Da ciò deriva una serie di implicazioni che travalicano le questioni di metodologia per attestarsi su un piano eminentemente teoretico. Infatti:

Il discorso tecnico capace di individuare gli errori che determinano la finzione si ritiene autorizzato a parlare in nome del reale. Stabilendo a partire da criteri propri il gesto che determina i due discorsi – l’uno scientifico e l’altro di finzione – la storiografia si ritiene dotata di un rapporto con il reale per il semplice fatto che il suo contrario viene posto sotto il segno del falso. [...]Essa implica un duplice scarto che consiste, da un lato, nel rendere plausibile qualcosa come vero dimostrando un errore e, al tempo stesso, nel far credere qualcosa come reale smascherando il falso. Essa suppone dunque che ciò che non è falso debba per forza essere reale. [...]A partire da questo momento, la finzione viene confinata nel regno dell’irreale, mentre al discorso tecnicamente predisposto per determinare l’errore viene attribuito il privilegio supplementare di rappresentare il reale. I dibattiti fra ‘letteratura’ e storia permetterebbero di illustrare agevolmente tale suddivisione (de Certeau 2006, pp. 51-52).

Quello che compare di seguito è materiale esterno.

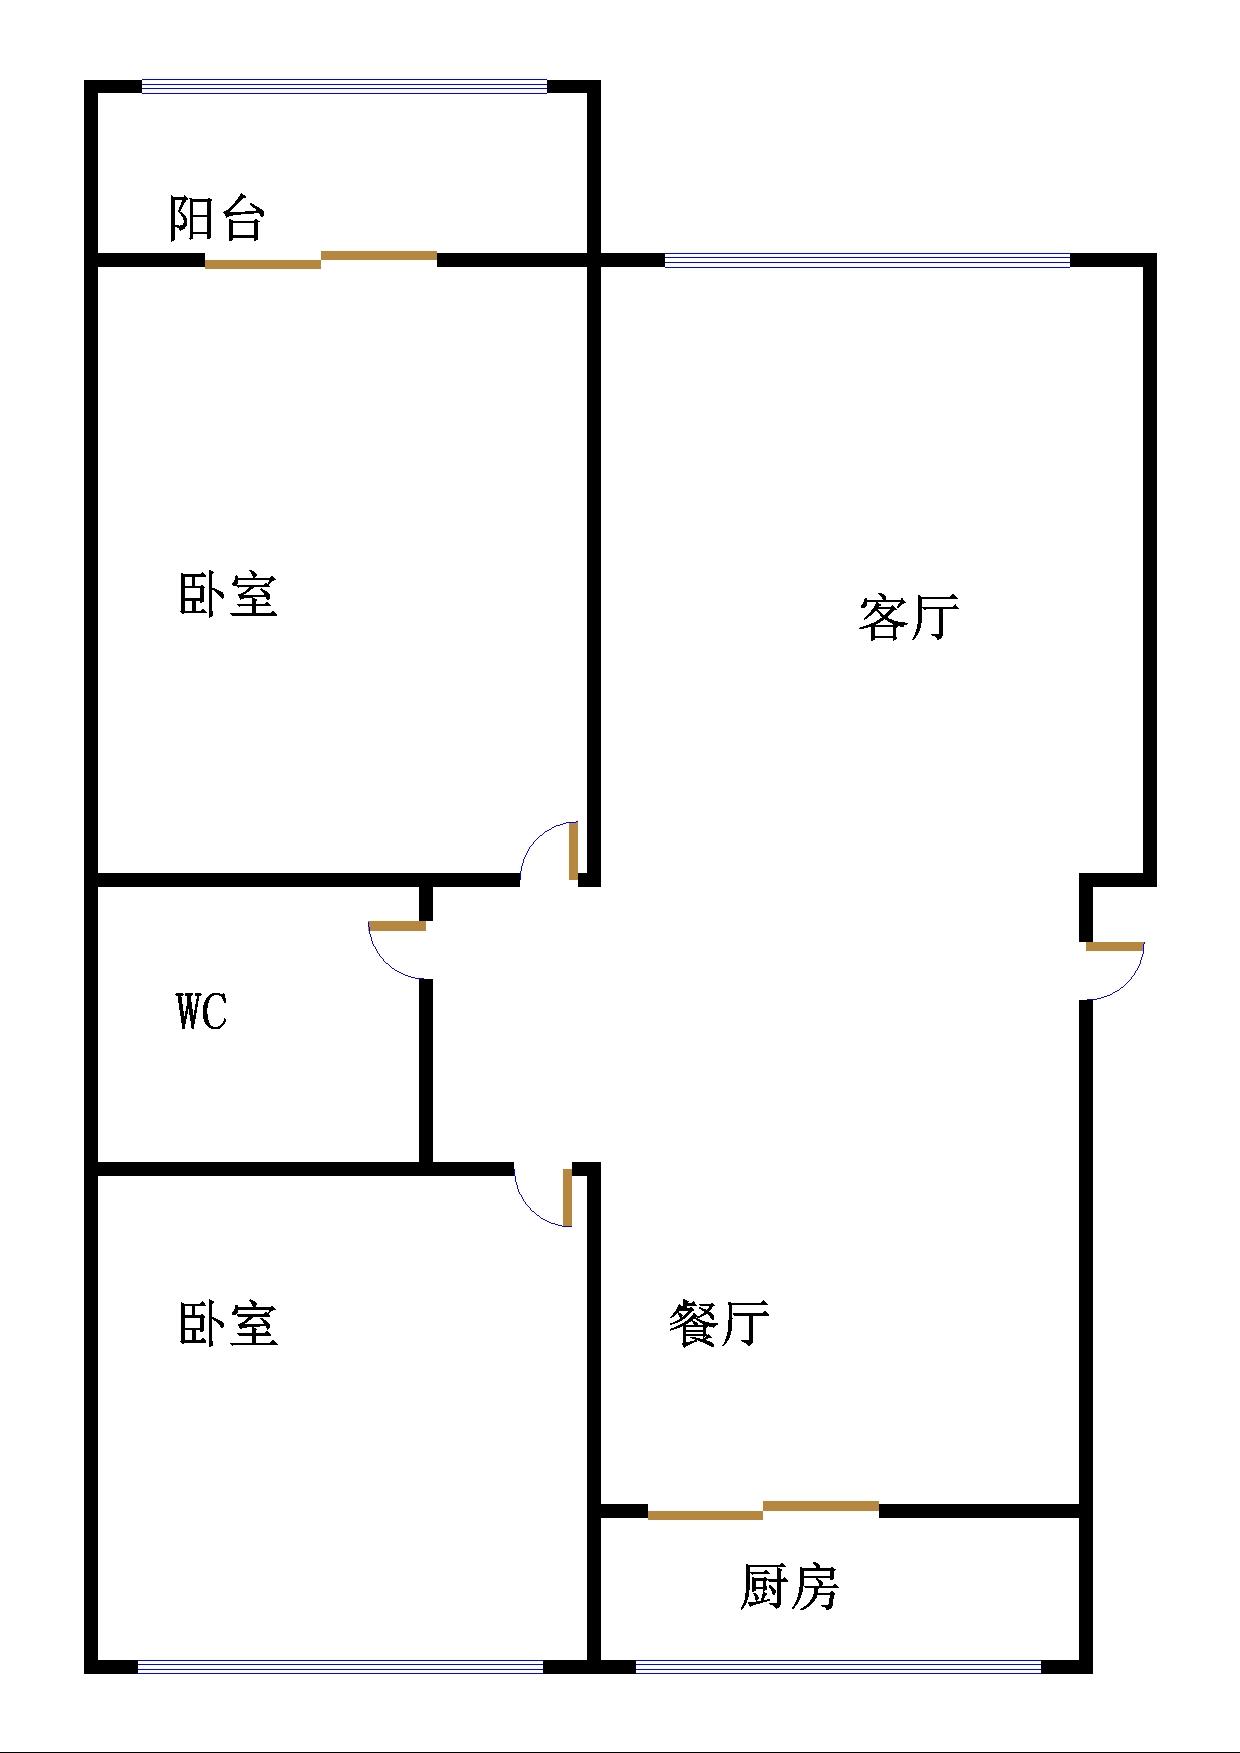 时代花园 2室2厅 双证齐全 简装 68万

Barnaba Maj si sofferma allora su alcune figure utilizzate da de Certeau, quali la teoria delle finzioni di Jeremy Bentham e di Robinson Crusoe, definito uno degli ultimi miti occidentali prima di Totem e tabù. Segnatamente, la scoperta della traccia per eccellenza, l’orma di Venerdì, “vestige humain d’un pied nu parfaitement empreint sur la sable”. Infatti, “come Robinson, anche lo storico è stato bouleversé (sconvolto) dalle tracce dell’assenza marcate sulle spiagge che delimitano la società e ne ritorna "alteré, mais non pas silencieux". La traccia è inquietante perchè ambivalente, in quanto “mostra soprattutto come due modalità di relazione con l’altro vengano alla luce: la razionalità (economica) e la finzione (onirica)”. Maj riprende qui la distinzione tra real e fictitous in Bentham, in relazione con l’eterologia di de Certeau, per cui “l’aspetto altro del reale riemerge nella finzione, si ripresenta nell’irrealtà del fantastico, riappare sotto le spoglie della figura letteraria del fictitious, dopo essere stato eliminato dalle pratiche produttrici di ‘fatti oggettivi’” (Maj, Lista 2008, pp. 145, 147).

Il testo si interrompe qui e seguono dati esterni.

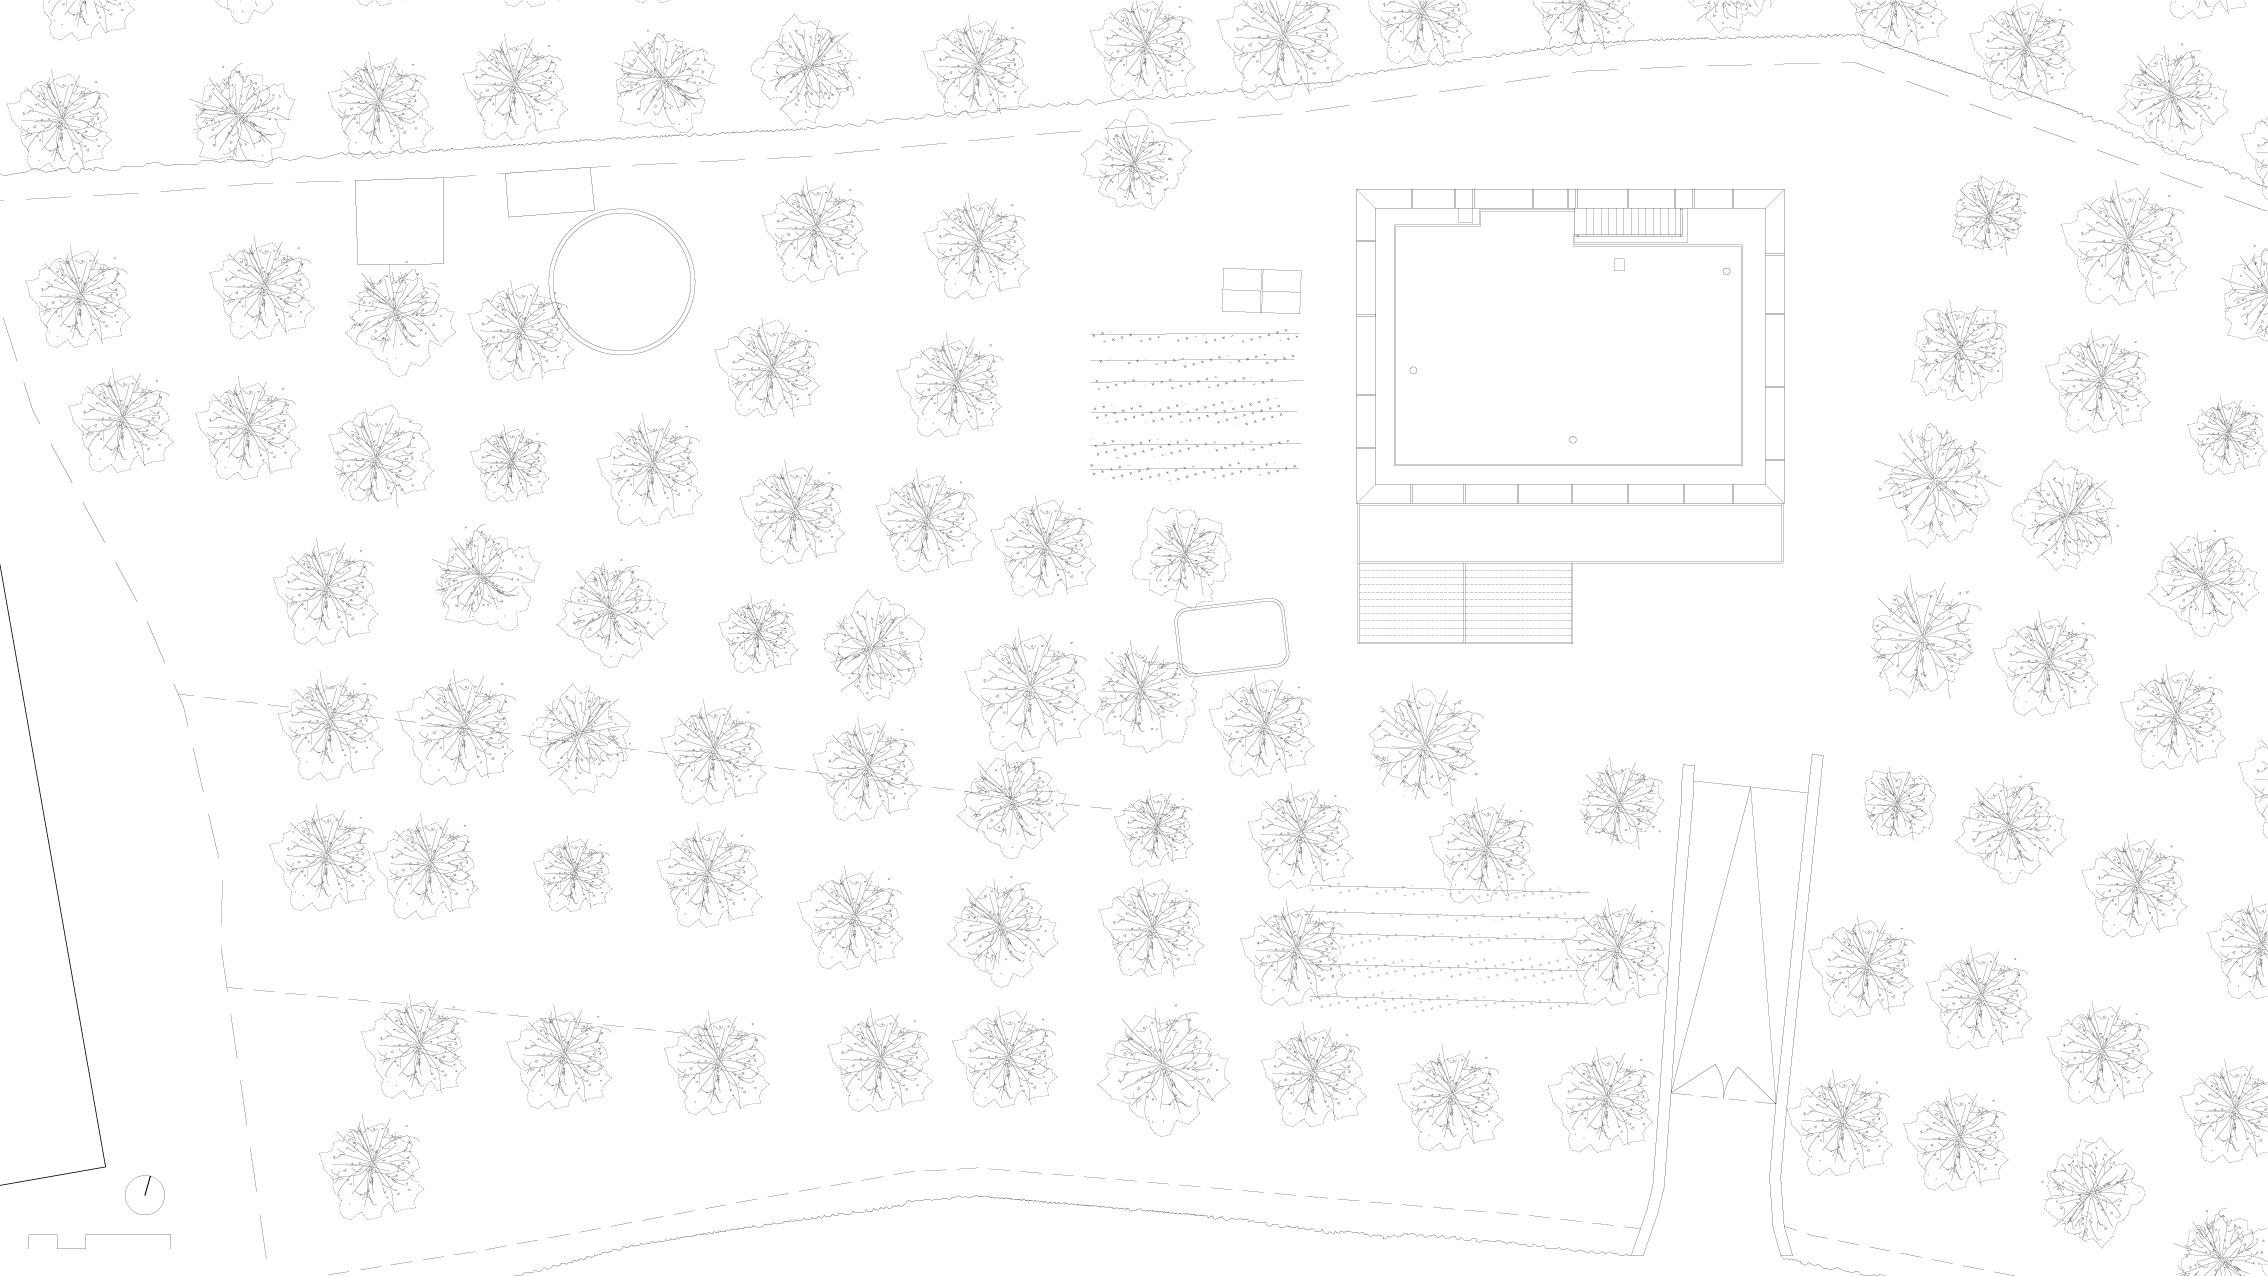 estiu_planta-coberta_100-wb.png

In un altro contributo (Immagini-traccia e scrittura. Storio-grafia ed etno-grafia in Michel de Certeau) Silvana Borutti vede nell’impronta una traccia inquietante, perché “svelandogli il proprio ‘desiderio dell’altro’, rivela il carattere estraneo della sua identità più propria”, ragione per cui “l’inscrizione dell’orma sul suolo dell’isola (il luogo proprio) non racconta semplicemente l’altro, ma svela, nella presenza dell’altro, il fantasma che ci ‘rimorde’, che parla cioè di noi” (Silvana Borutti in Maj, Lista 2008, p. 74). Si tratta di commenti che rimandano all’importante Assente della storia, in cui de Certeau dichiarava che:

La scrittura storiografica dà vita a delle atopie: apre dei non-luoghi, delle assenze all’interno del presente. A volte organizza sistematicamente dei punti di fuga nell’ambito delle riflessioni e delle pratiche contemporanee. Essa si colloca così nelle regioni del sogno. Già Jeremy Bentham lo ricordava, e l’analisi freudiana ce lo ha fatto capire meglio: l’aspetto altro del reale riemerge nella finzione, si rappresenta nell’irrealtà del fantastico, riappare sotto le spoglie della figura letteraria del fictitious, dopo essere stato eliminato dalle pratiche produttrici di ‘fatti oggettivi’. A causa del residuo di oniricità che conserva, la narrazione storica non cesserebbe dunque di mettere in scena il carattere ‘perturbante’ dell’altro; e la componente ‘letteraria’ della storia contribuirebbe a conservare l’ambivalenza del reale, altro e stesso a un tempo (de Certeau 2006, p. 188).

Un paradigma indiziario?

Il tema della traccia nel Robinson Crusoe si ritrova anche in un volume dedicato al paradigma indiziario di Carlo Ginzburg, che raccoglie gli atti di un convegno tenuto a Lille dal 13 al 15 ottobre 2005 (Thouard 2007). Intendendo saggiare la bontà e i limiti del “paradigma indiziario” come proprio delle scienze umane alla luce di diverse prospettive disciplinari (L’idée d’un ‘paradigme indiciaire’, Le procédé indiciaire, Signes et indices, Traces et signes naturels, De l’indice au récit de l’enquête), Denis Thouard introduce così il tema:

Une trace est l’indication que quelqu’un a passé par là. Elle indique une direction, non une signification. La trace est l’indice purement local d’un événement passé, alors que le texte est dejà la concrétion, la synthèse propre d’une formation de sens dans un médium qui peut le conserver suffisamment pour en permettere la reproduction avec suffisemment de sûreté dans un temps ultérieur. Le texte est à cet égard déjà un appareil d’enregistrement, quand la trace n’est qu’un indice fragmentaire. [...] C’est pourquoi les détectives de la tradition classiques sont, outre de fins déducteurs, des esprits encyclopédiques” (Thouard 2007, p. 16).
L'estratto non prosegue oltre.